▶ [Assignment]
Among the entries that follow, locate the line with "Powerful product bundles" and the line with "Idaho Bowl - Men's". Output those lines and all lines in between, exactly, minus the pictures.

▶ [Available data]
^^^^^^^^
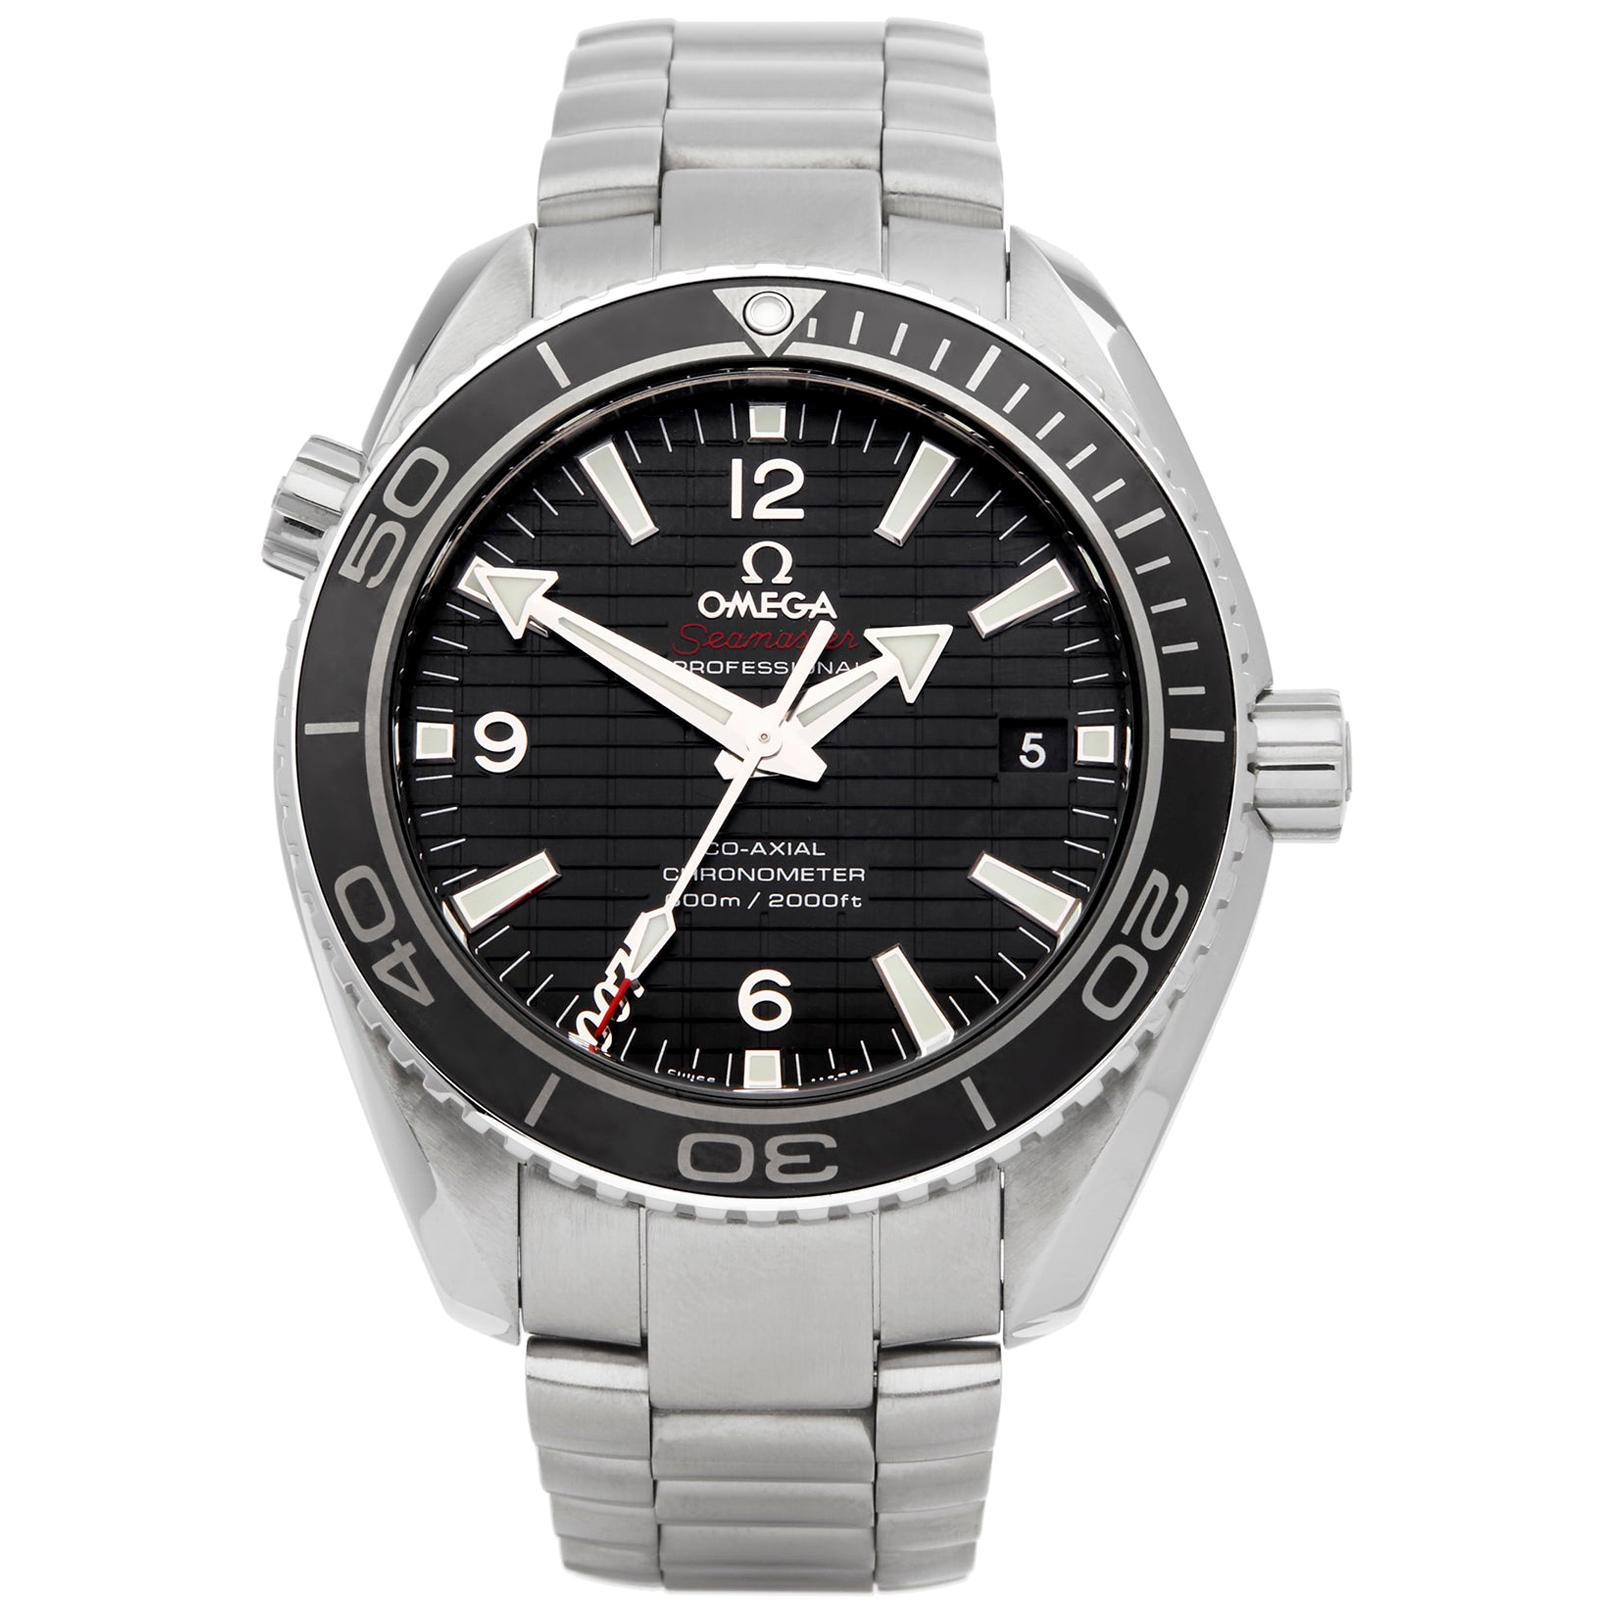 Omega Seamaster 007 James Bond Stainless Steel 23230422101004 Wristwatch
^^^^^^^^
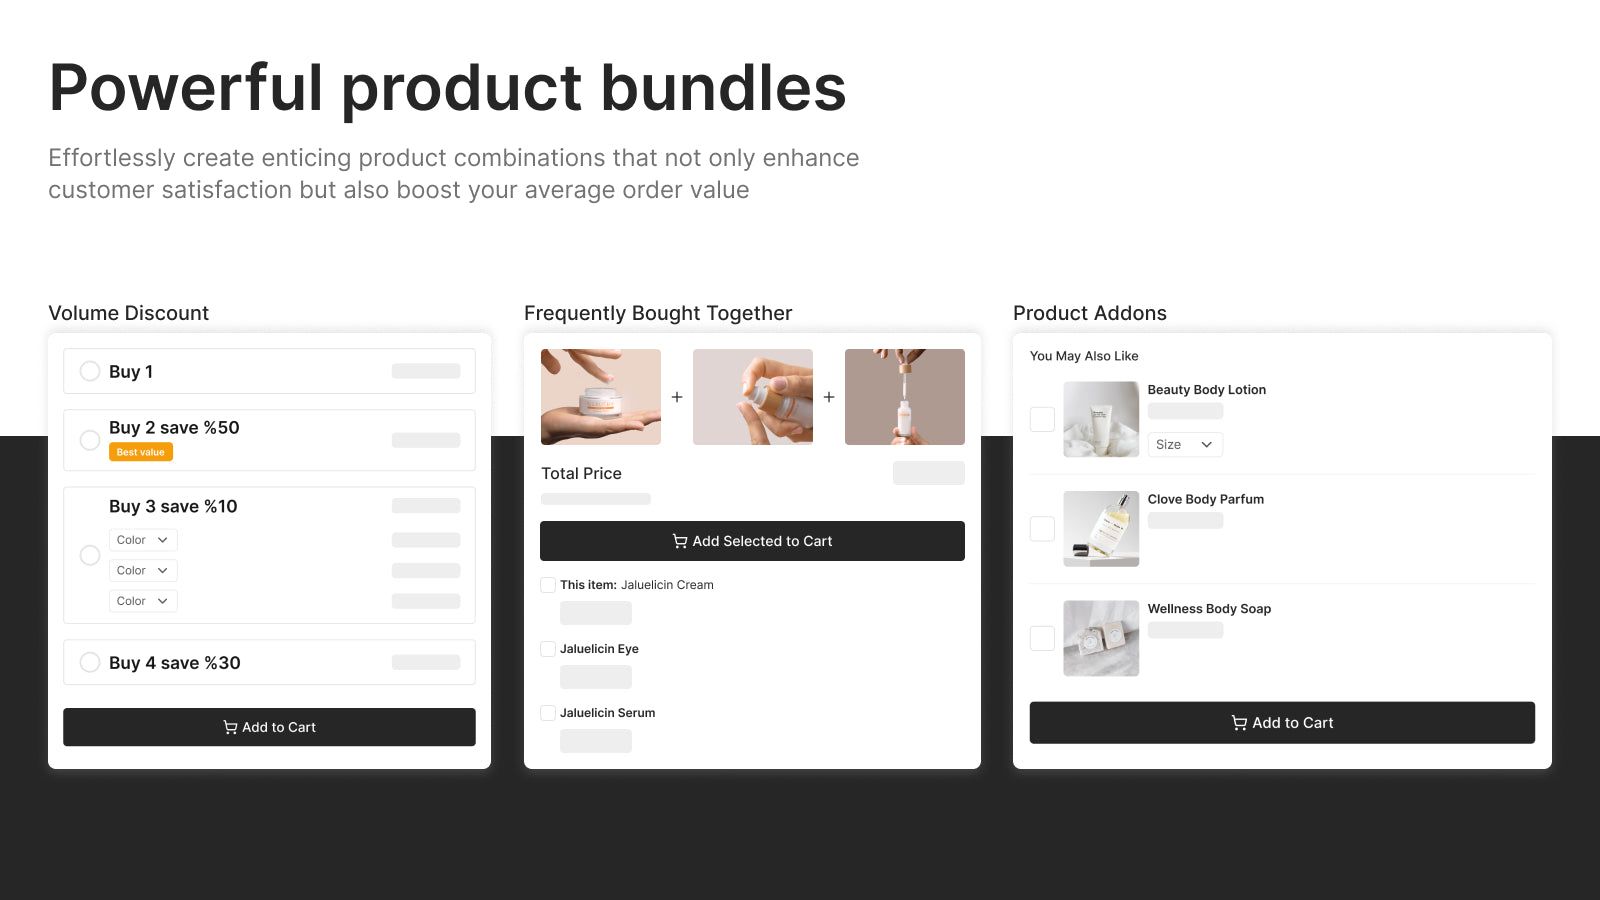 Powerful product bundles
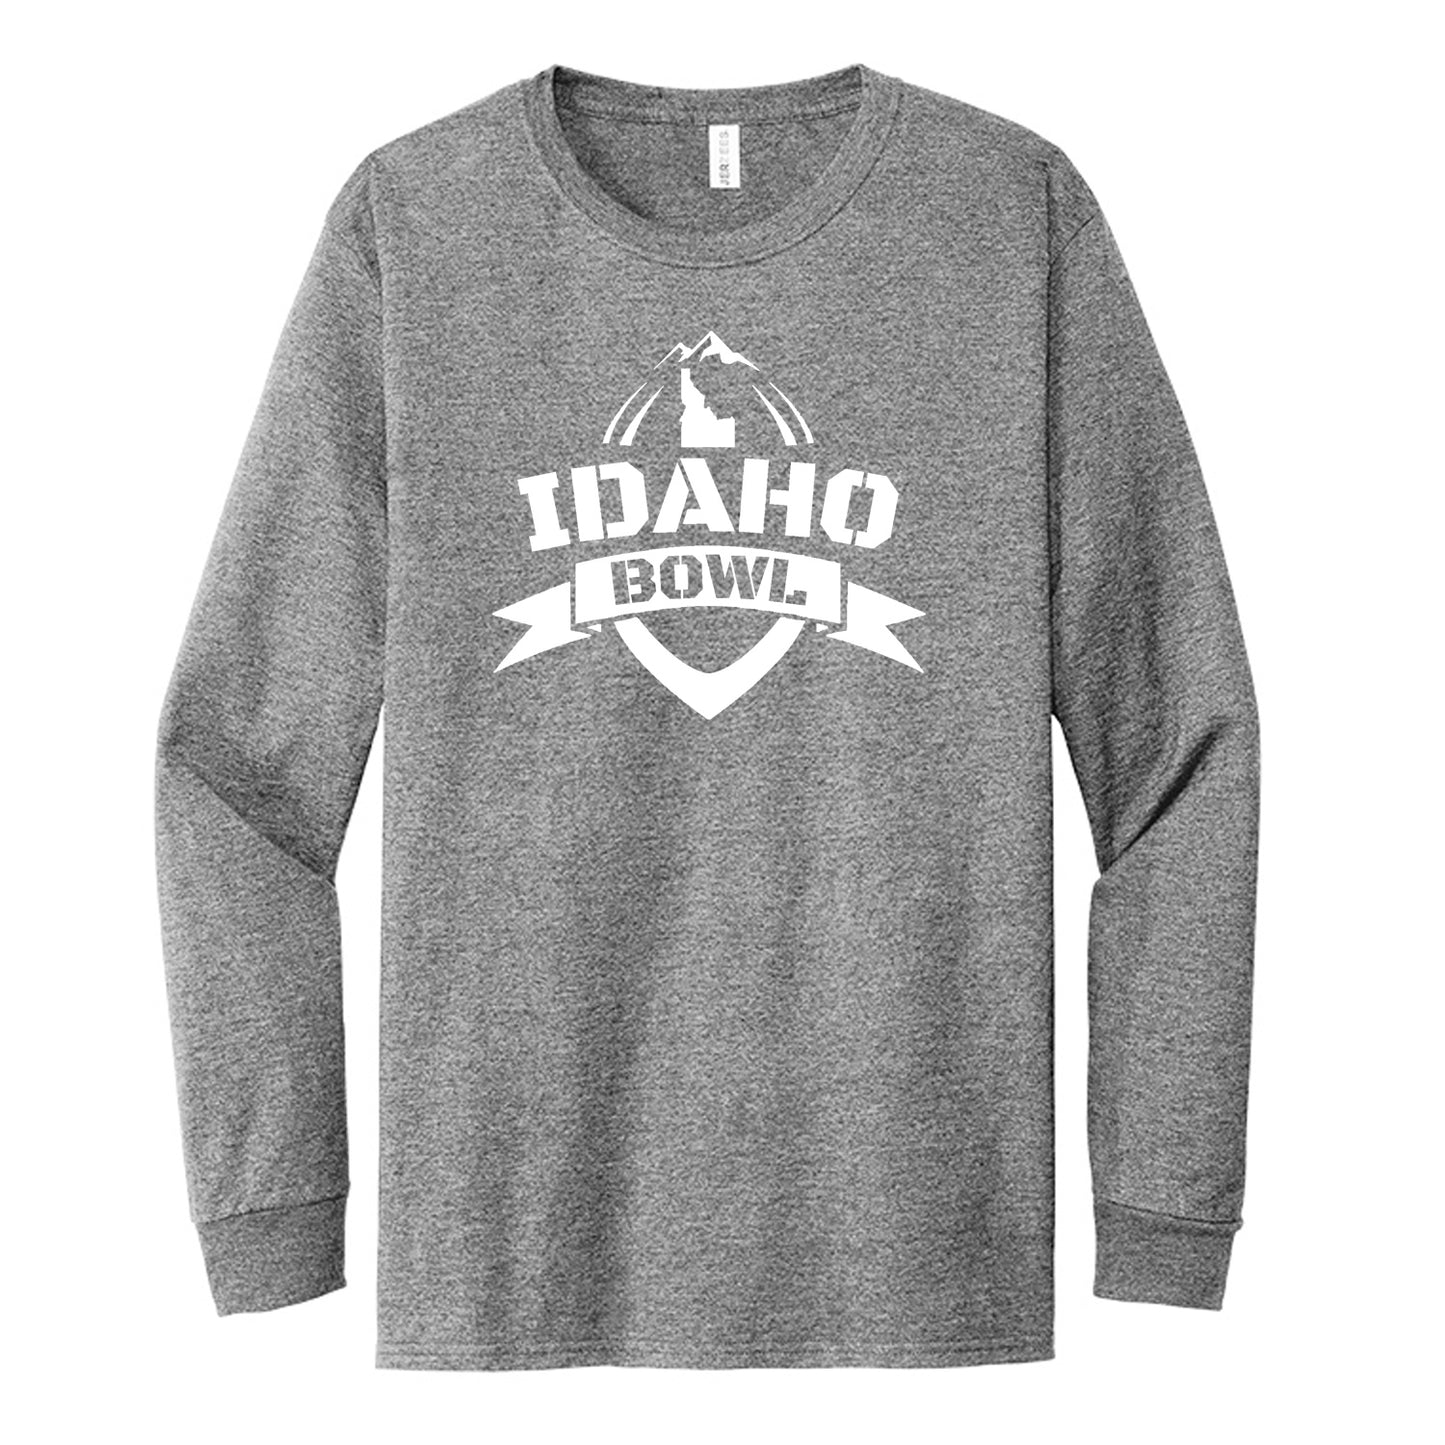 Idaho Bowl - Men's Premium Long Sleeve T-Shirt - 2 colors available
^^^^^^^^
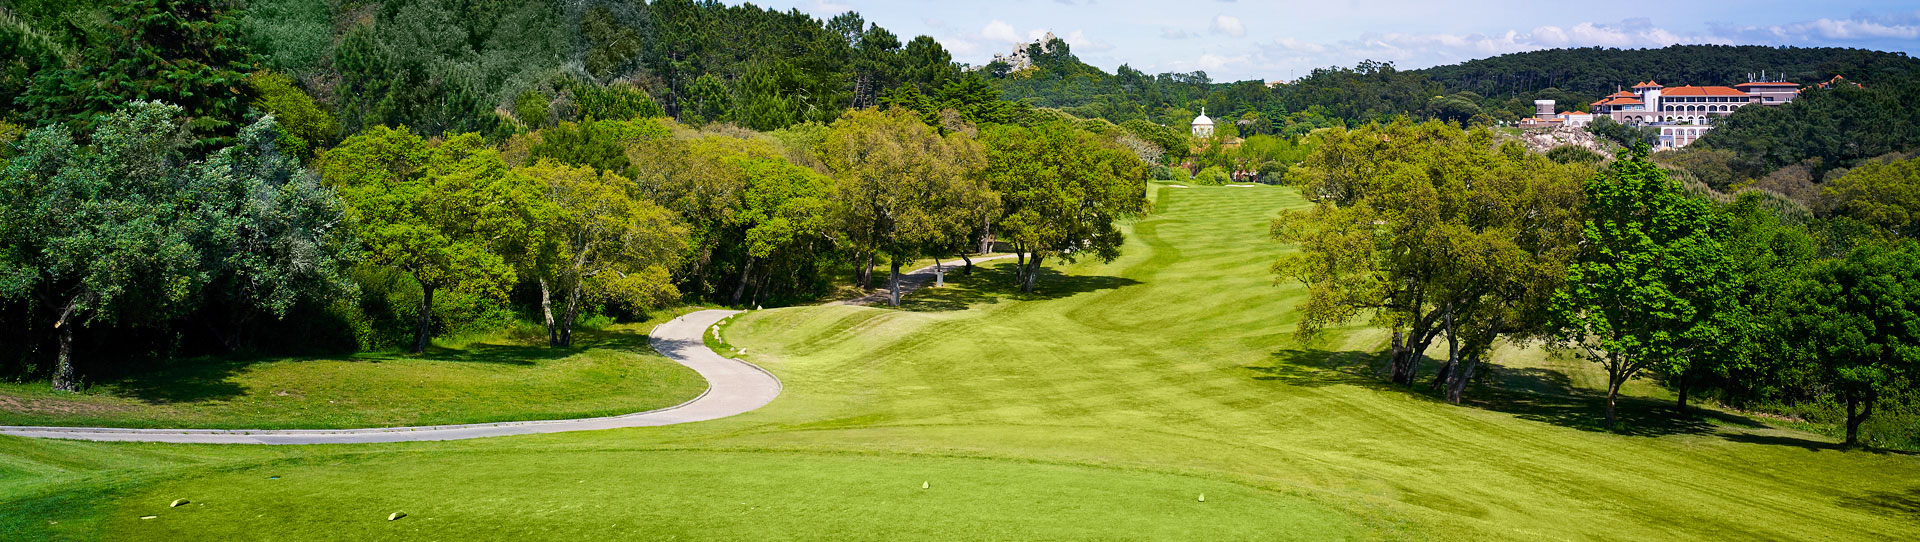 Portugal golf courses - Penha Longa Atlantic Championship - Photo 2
^^^^^^^^
▶ [Task solution]
 Powerful product bundles
 Idaho Bowl - Men's Premium Long Sleeve T-Shirt - 2 colors available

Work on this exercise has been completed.